Outre ces préconisations, il convient également de compter d’une part sur la volonté de
ces acteurs, qui passe nécessairement par un soutien des institutions mais avant tout par
un esprit de coopération inconditionnelle et proactif. On comprend alors que la logique de
partenariat que cela suppose nécessite le développement et la valorisation d’une culture
commune qu’il convient de diffuser à l’ensemble des citoyens et la société et ce, quel que
soit le niveau de relation ou d’implication concerné.
Enfin, il est essentiel d’avancer avec un souci de vulgarisation et d’une diffusion sans état
d’âme des informations juridiques et de ce qui est proposé ou en vigueur afin de pouvoir
déjouer les attentes normatives et agir sur les discours et pratiques ambiants trop
souvent complices des résistances au changement.

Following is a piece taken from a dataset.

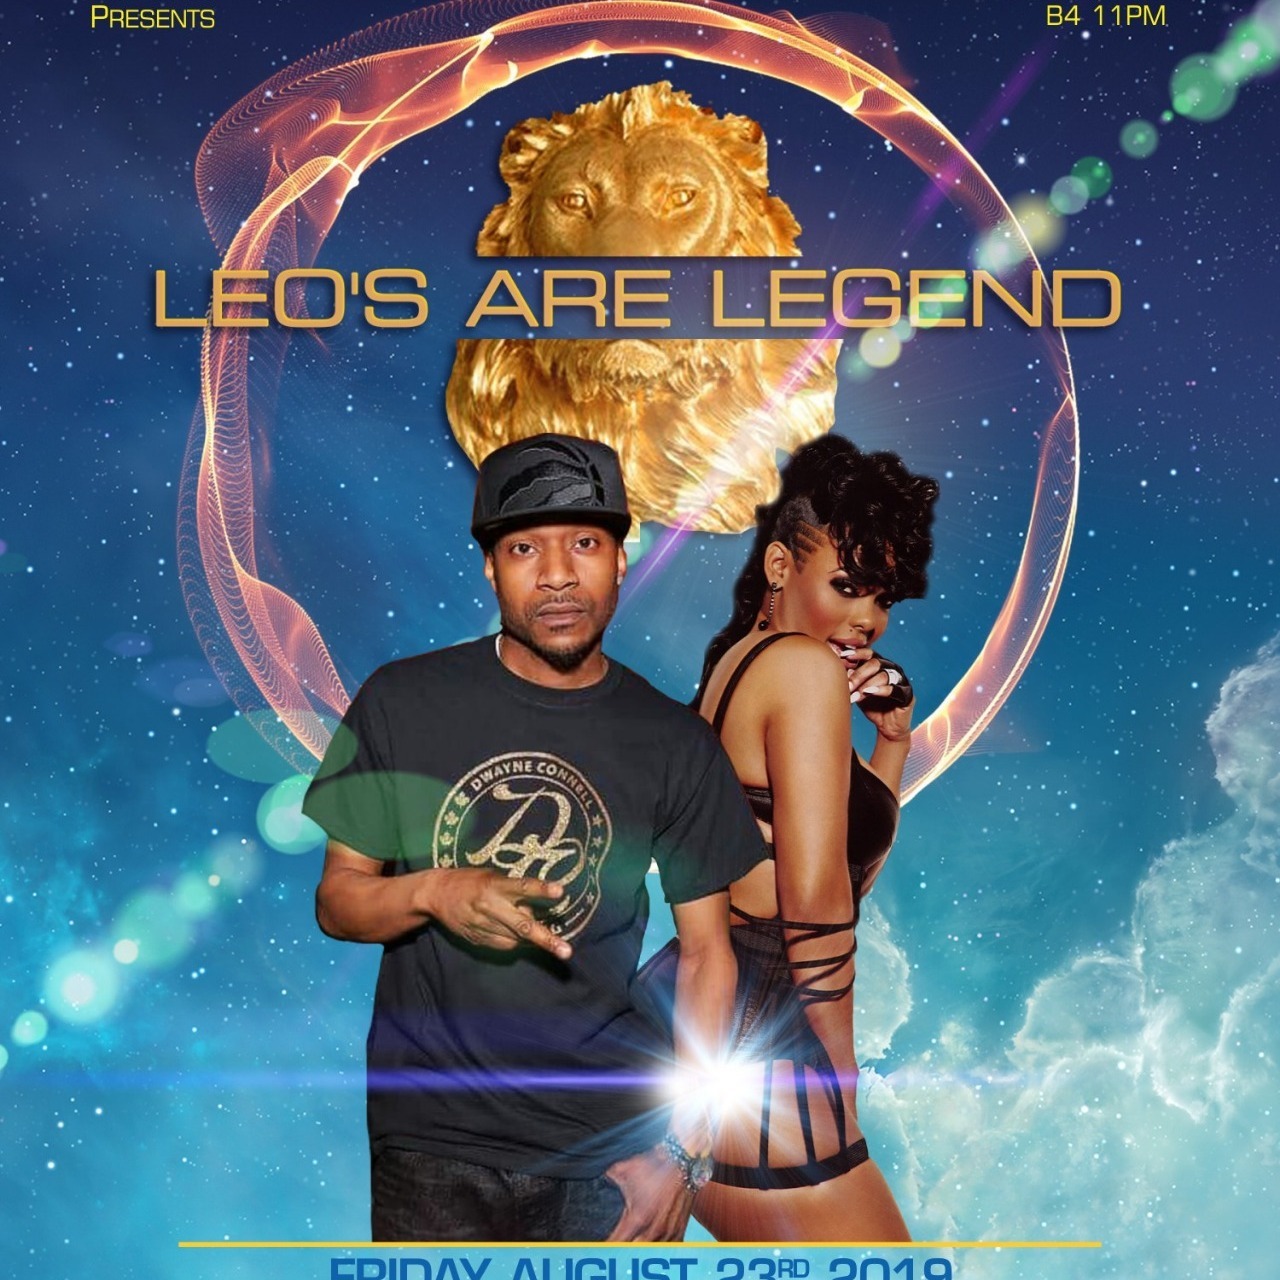 Leo's Are Legend

Il va sans dire que le réseau des acteurs associatifs, qu’ils soient bénévoles ou
professionnels, dont l’intelligence est de considérer que chaque maltraitance est une
preuve d’incapacité à agir ensemble doit impérativement être largement soutenu et
valorisé. La victime, ou le témoin, doit savoir qu’elle peut ne pas être seule dans son
calvaire, qu’elle peut sortir de sa torpeur, de son mutisme ou de sa gêne et qu’une
réponse globale peut être apportée. Cette perspective nouvelle est fidèlement reprise,
affichée et incarnée par le réseau 3977 contre la maltraitance. Elle redonne de la
complexité à la situation et permettra inéluctablement d’accroître les niveaux de
conscience, de contrôle des mécanismes sous-jacents et d’efficacité en matière de lutte
et de prévention de la maltraitance.